On 25 January 2016, it was announced that David had signed a recording contract with Insanity Records (a joint venture between Sony Music UK and Insanity Management) and independent company Speakerbox Media. With this announced, David's revealed album title Following My Intuition was announced. On 19 March 2016, at the second day of the Ultra Music Festival 2016, during the set of the Dutch DJ and record producer Hardwell, he appeared as a featured artist on their new track "No Holding Back". He also managed to appear on Kaytranada's debut studio album 99.9%, on the track "Got It Good", which he also co-wrote. These song were revealed to also appear on David's new album. On 19 August 2016, Craig announced on social networks that his sixth studio album, Following My Intuition, would finally be released on 30 September 2016. On the same day, he released his new single "Ain't Giving Up", a collaboration with Sigala. "Change My Love" was released as the album's fifth single on 21 October 2016.

==Release and promotion==
The album was announced on 19 August 2016, which also saw the release of promotional single "No Holding Back", which was collaborated with Dutch DJ and record producer Hardwell.

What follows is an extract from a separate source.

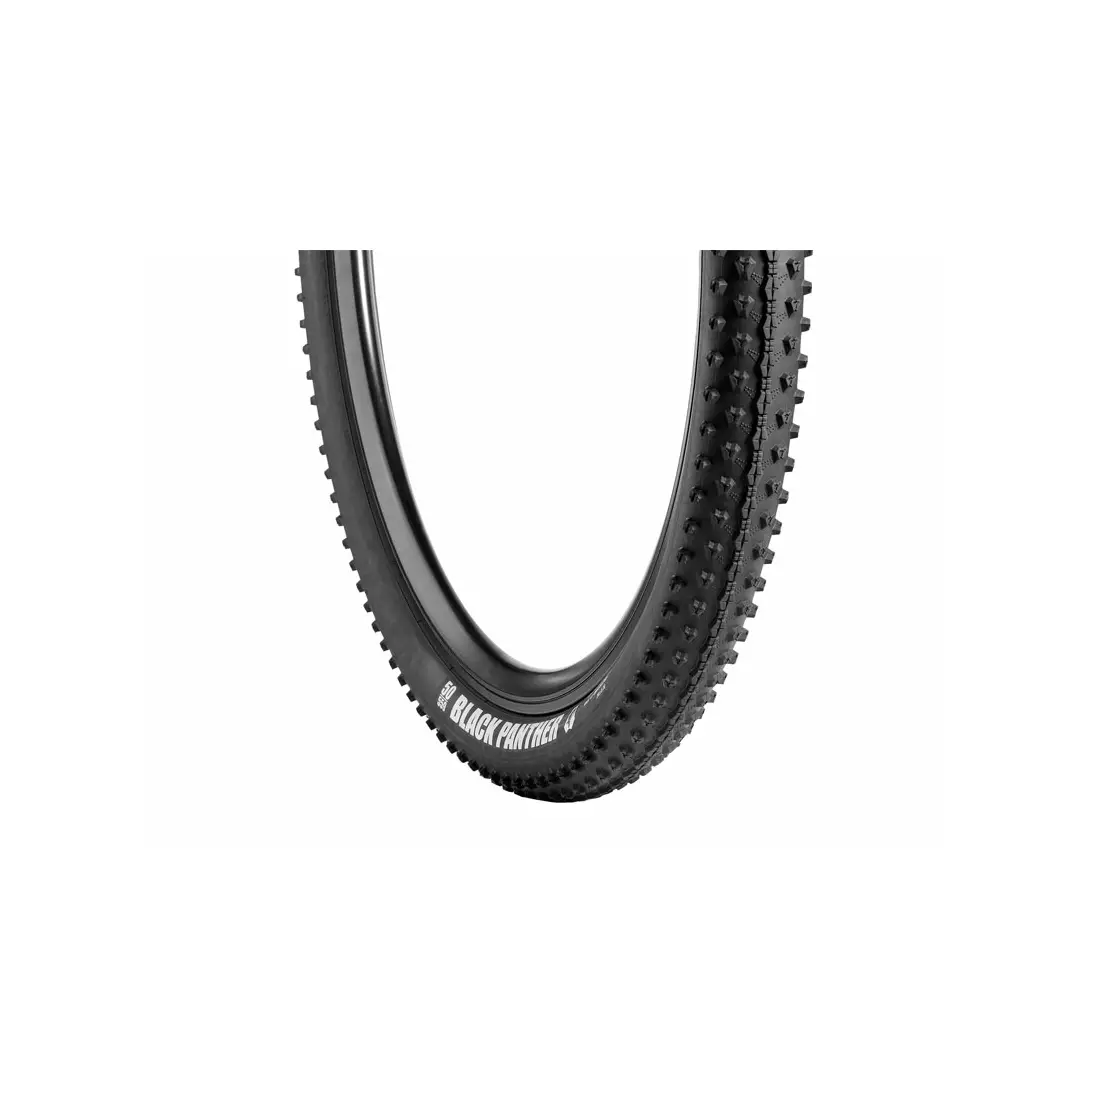 VREDESTEIN BLACK PANTHER XTREME MTB kerékpár gumi 29x2.20 (55-622) összehajtható fekete VRD-29203

On the week of the album's release, it was confirmed that his "Fill Me In" / "Where Are Ü Now" performance was added on the album, entitled "16", and was released on 27 September 2016, as the second promotional release. It was also confirmed that, along with Jack Ü, the additional mixers and producers for song included Tre Jean-Marie, Richard Adlam, Hal Ritson and Wez Clarke.

"All We Needed" is the Children in Need 2016 single.

==Critical reception==

Critics generally found Following My Intuition to be a successful, nostalgia-driven comeback. In his review for The Observer, Michael Gragg wrote that the album "wastes no time cementing his new-found relevance, the opening three songs racing through EDM, garage and drum’n’bass, while "16" is an energised mash-up of "Fill Me In" and Jack Ü's "Where Are Ü Now." David's appeal has always been broad, and the collaboration-heavy bangers are augmented by a clutch of honeyed ballads, including highlight "Louder Than Words." It's good to have him back." Exclaim! editor Kyle Mullin found that the album showcased David's continued strength as both a vocalist and selector of production, particularly on upbeat tracks like "One More Time" and "Ain't Giving Up," which he praised for their "irresistible" and "pulse-pounding" qualities. Mullin noted that while the album was not flawless, it largely demonstrated that David's instincts remained "uniquely sharp and on-point."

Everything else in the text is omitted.